►
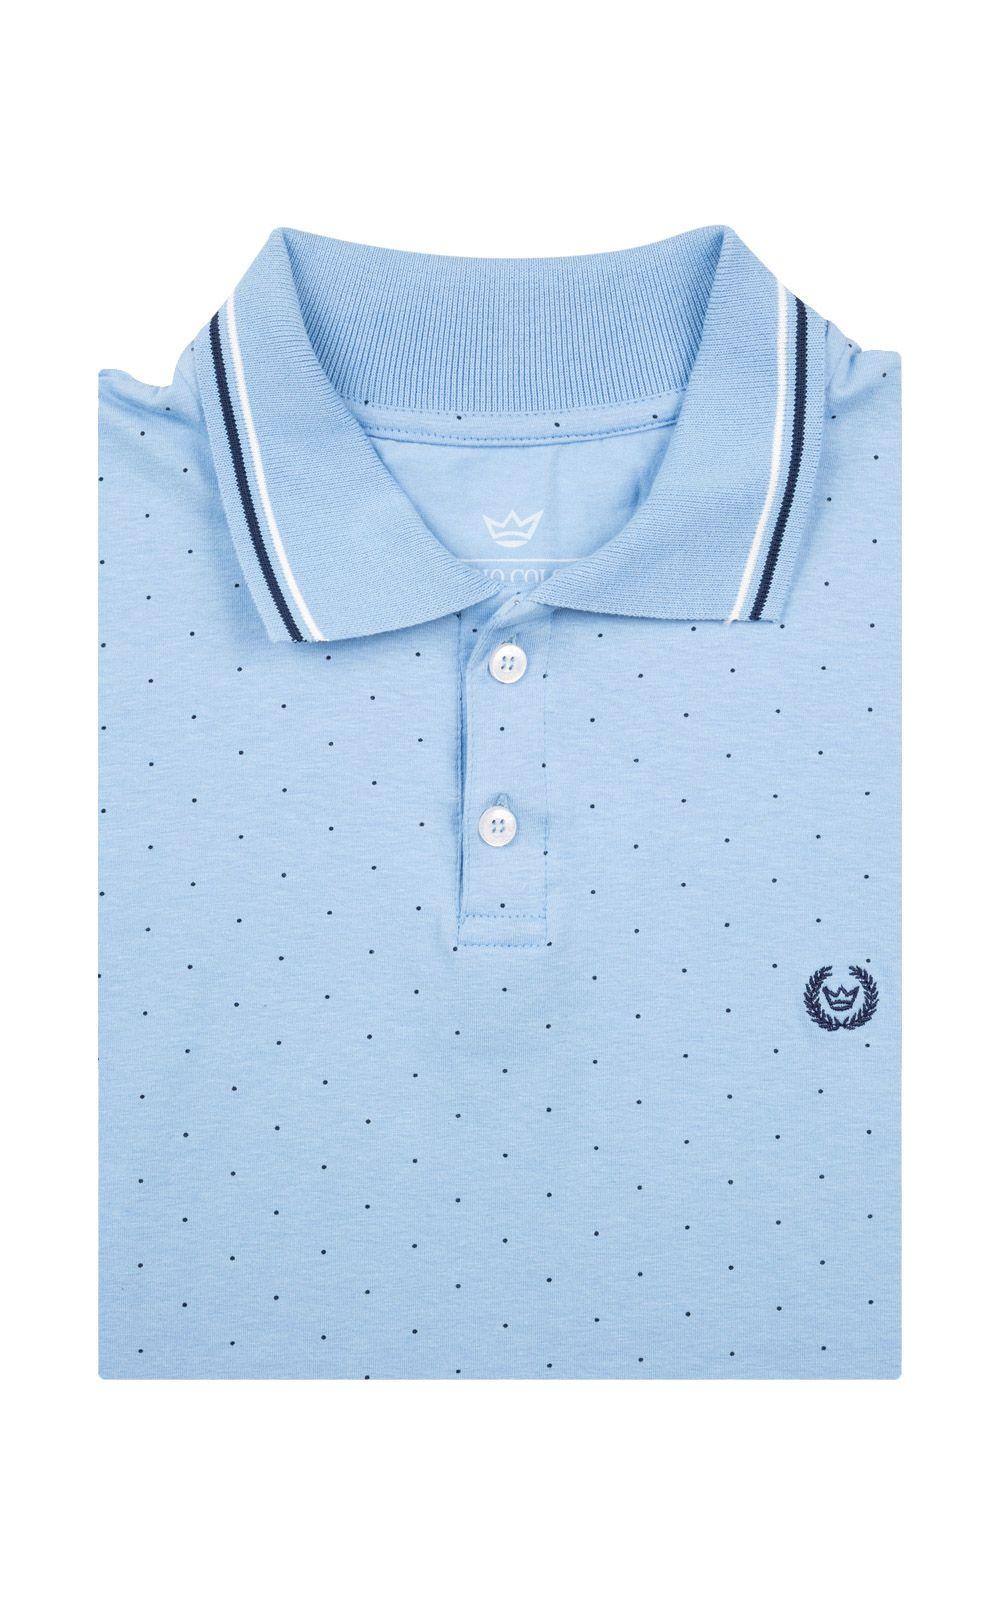 Foto 4 - Camisa Polo Masculina Azul Estampada
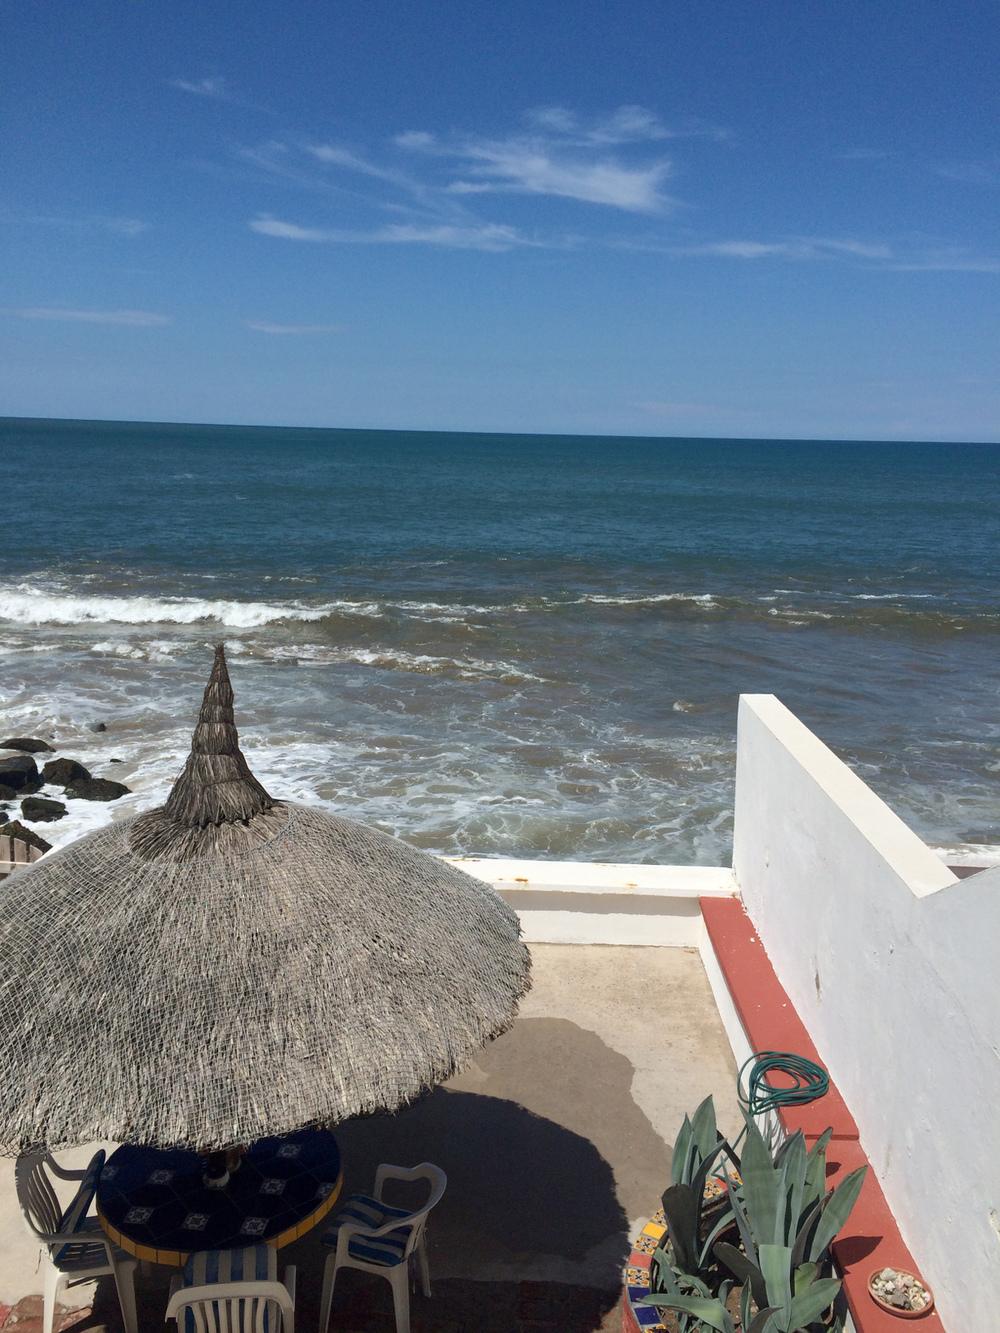 ventanas.mexico.living-in-mexico-photo
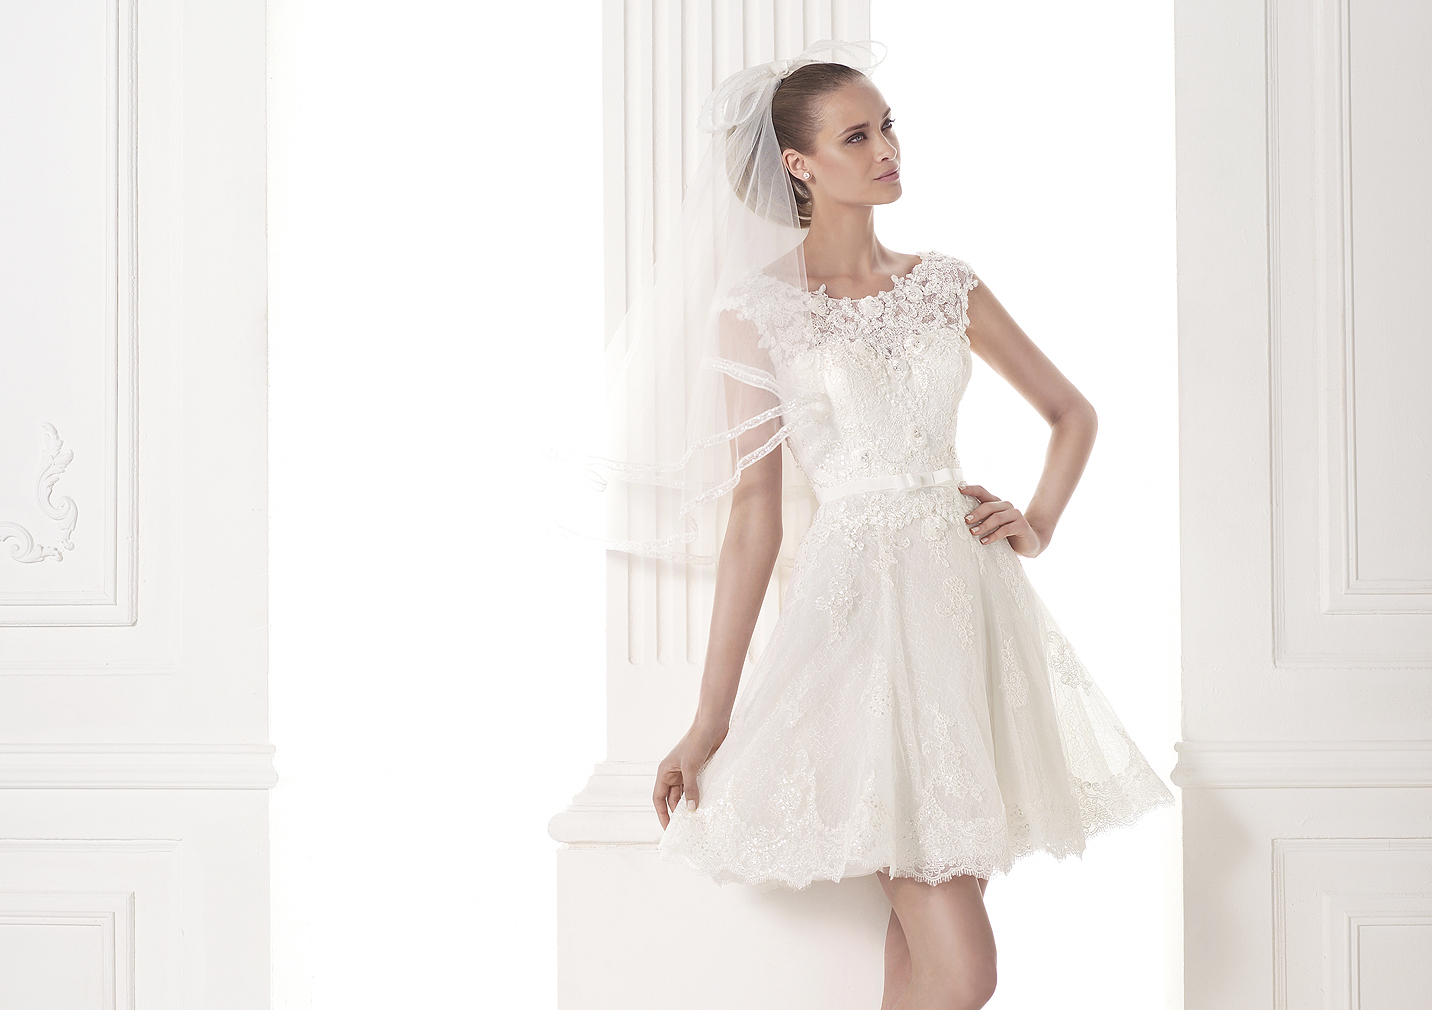 Wedding dresses usa stores vosoi 10 reasons to love short wedding dresses ombrellifo Gallery
◄
Write out exactly the lines from the one that contains "ventanas.mexico.living-in-mexico-photo" through the last line of the data above, both included. Leave every picture out.

Exercise output »
 ventanas.mexico.living-in-mexico-photo
 Wedding dresses usa stores vosoi 10 reasons to love short wedding dresses ombrellifo Gallery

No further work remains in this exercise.